I find it wild that "at scale" we can bypass anti-bot measures, but just "normal" internet use (i.e Non-Google Browser or VPN) will throw a million captchas at you.
Not at scale, what you’re seeing are a tiny tiny fraction of the potential captchas that can be thrown at you. Normally “we have seen this cookie before”, or “this browser does not have webdriver fingerprints” is sufficient to not get a captcha.
The big issue you sidestep not at scale is you can come from a single, residential IP with a good reputation.
Mandatory captchas for simply viewing a page are rare - most are saved for high impact actions like account creation.
When this does happen for a simple page view, AI is extremely good at solving basic captchas - especially basic “click the box” captchas.
If you don’t want to pay for AI, there are decaptcha services where someone in Southeast Asia solves the captcha for fractions of a penny. Save the cookies after a successful solve and you’re probably good in the future.
If you don’t want to pay for someone to solve a simple check the box captcha a little bit of attention and some properly simulated clicking (IE not a JavaScript injected event) will often work. Just don’t click literally the exact middle, fuzz the coordinates and you’re good.
Because there's been a string of bad actors including OpenAI with incredibly inefficient scrapers.
Previously captcha was just for spam limiting, but I actually looked at our system logs and about half of traffic was bad behaving scrapers.
In logs I see these scrapers are hitting every link on the page. If you have a collection page then it's hitting every filter option and then hitting each pagination button, the different sort orders, etc. People running something like Forgejo it will hit every commit.
If you have expensive to compute pages, they're getting hit by these incredibly naive bots that don't respect any robots.txt or discriminate on what they do.

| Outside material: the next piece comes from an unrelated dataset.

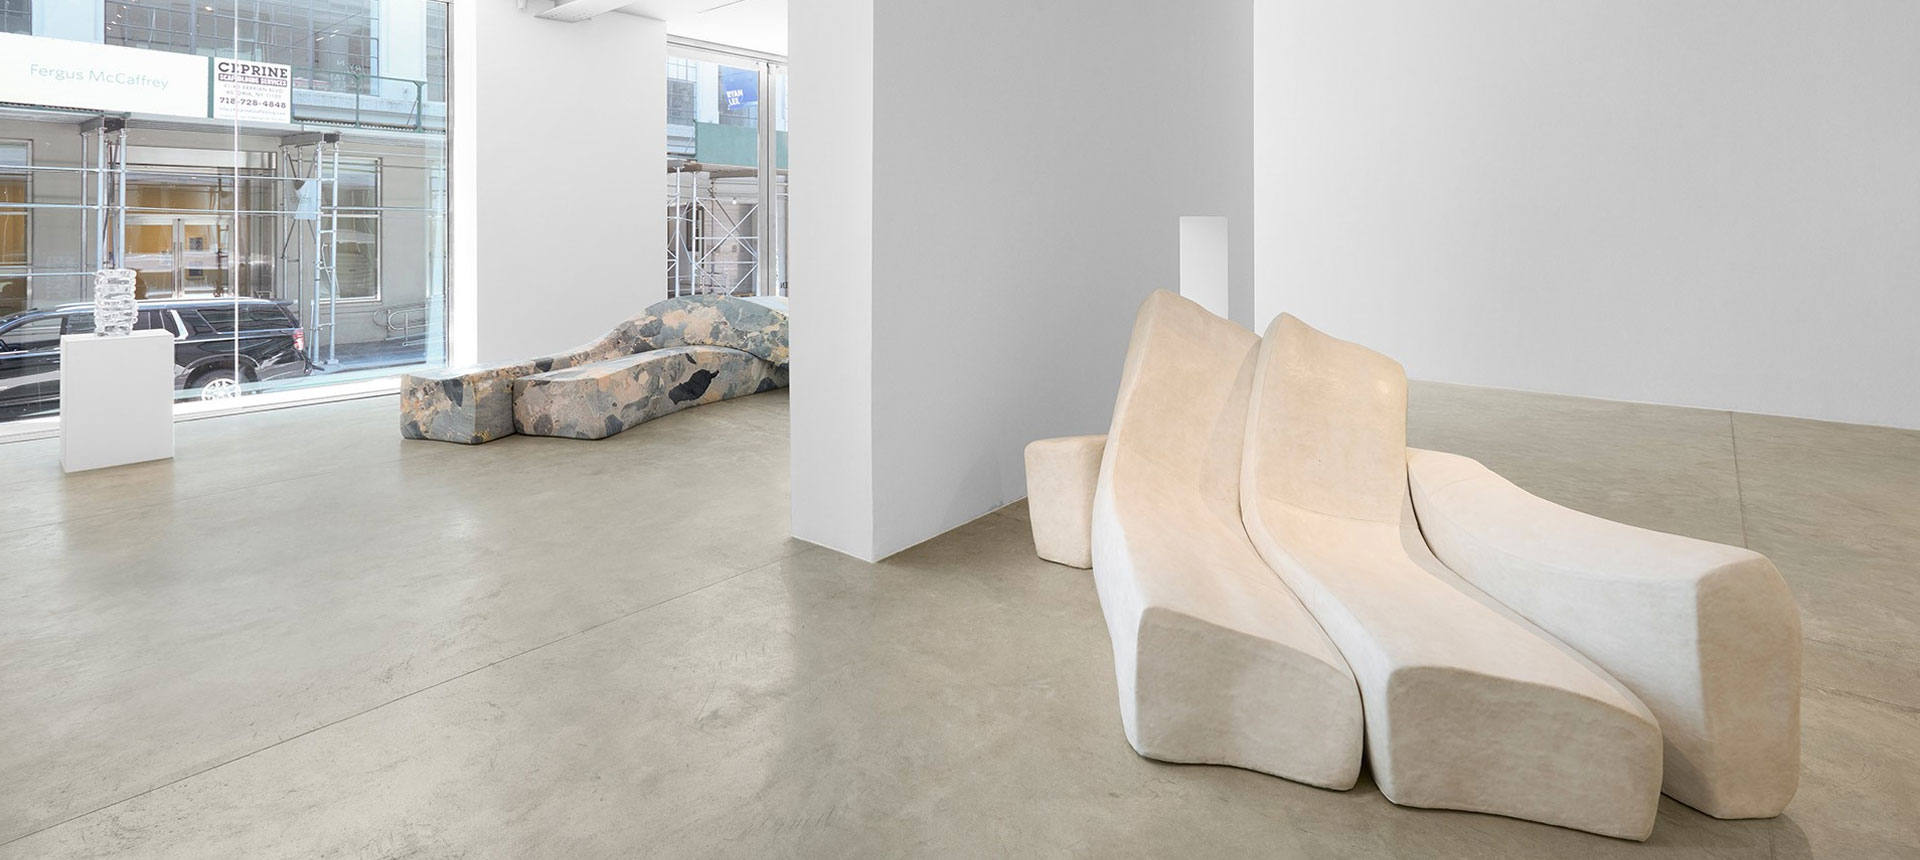 Najla El Zein’s sculptural work explores material liminality

The problem is that the web as we know it (useful, human-curated information that's put out there to help people) is also over. It's been totally overrun with AI slop. Even before AI could be used to create propaganda on a scale that we could only dream about 5 years ago, it's been declining under the weight of SEO sweatshops for a good 10 years. Meanwhile the actually decent content, the individual hobbyists who are just sharing their knowledge, have largely left under the weight of comment spam and DDoS attacks and doxxing.
So if another search engine does arise, it won't find anything useful, because the useful content on the web has been buried under slop, and largely removed. Your best bet today is a curated directory, sorta like the original Yahoo, where you allowlist the web to only real sites, download them, and make them searchable. I think this is actually Kagi's approach. But the open web as we knew and loved it is dead.
Bing has been better than Google for some time. Again, it's embarrassing for them to sacrifice marketshare for paid results and an intermediate-form AI fad that will turn into the same paid result funnel.
e.g. for a two keyword search, Google & DDG return results containing a similar (but more at the moment, more popular, so I understand why they do this) keyword as the first one, and no relation whatsoever with the second. Any search that manages to actually show results related to both of my input terms get the "better" award from me.
Also, usually, as soon as they realize they have a not-total-shit product, they immediately start to screw it up completely. So if bing ends up being better actually, it won't be long until they replace every good part of it with something ridiculous. I don't know how microsoft does it, but they are so incredibly good at that.
DuckDuckGo uses the bing index/backend. I’ve had it as default for 5-8 years. Probably once a day I’ll add the !g to pop it over to Google. Works great. I search a lot, many different types of queries. When I pop over to Google it’s usually a Boolean query looking for a needle in a haystack (that one comment somewhere where someone is using the same combination of two or three rare items together).
While there are good options like DuckDuckGo, Mojeek, Ecosia, there are plenty of (better) alternatives, where you're not the product [1], I'd recommend looking into!
I'm sure there's a niche for a product for search nerds. Something that leans into inverted indexes like the classic Lexis/Nexis search. But it's got to have Google-like coverage.
Niche + Google-like coverage is not very economically viable. To store and update a search index of that size requires a lot of resources, and being niche means you don’t have a lot of resources.
Very few of the smaller search engines actually do their own indexing for exactly this reason.
It’s possible but they would need to be so massive to even just start making a dent in google market share. And Google hasn’t blocked larger search engines from using their index
I've been using Startpage as my default search engine for a while now for any search where I actually need information and not sales or marketing bullshit.
When I use google, usually from my phone, I am reminded of why I don't use google on desktop.
With the announcement of this move by them, I just manually removed google as an address bar search engine option in all my browsers on desktop and mobile.
There’s not much room to squeeze in when your competitors hold the keys to 15 million top websites.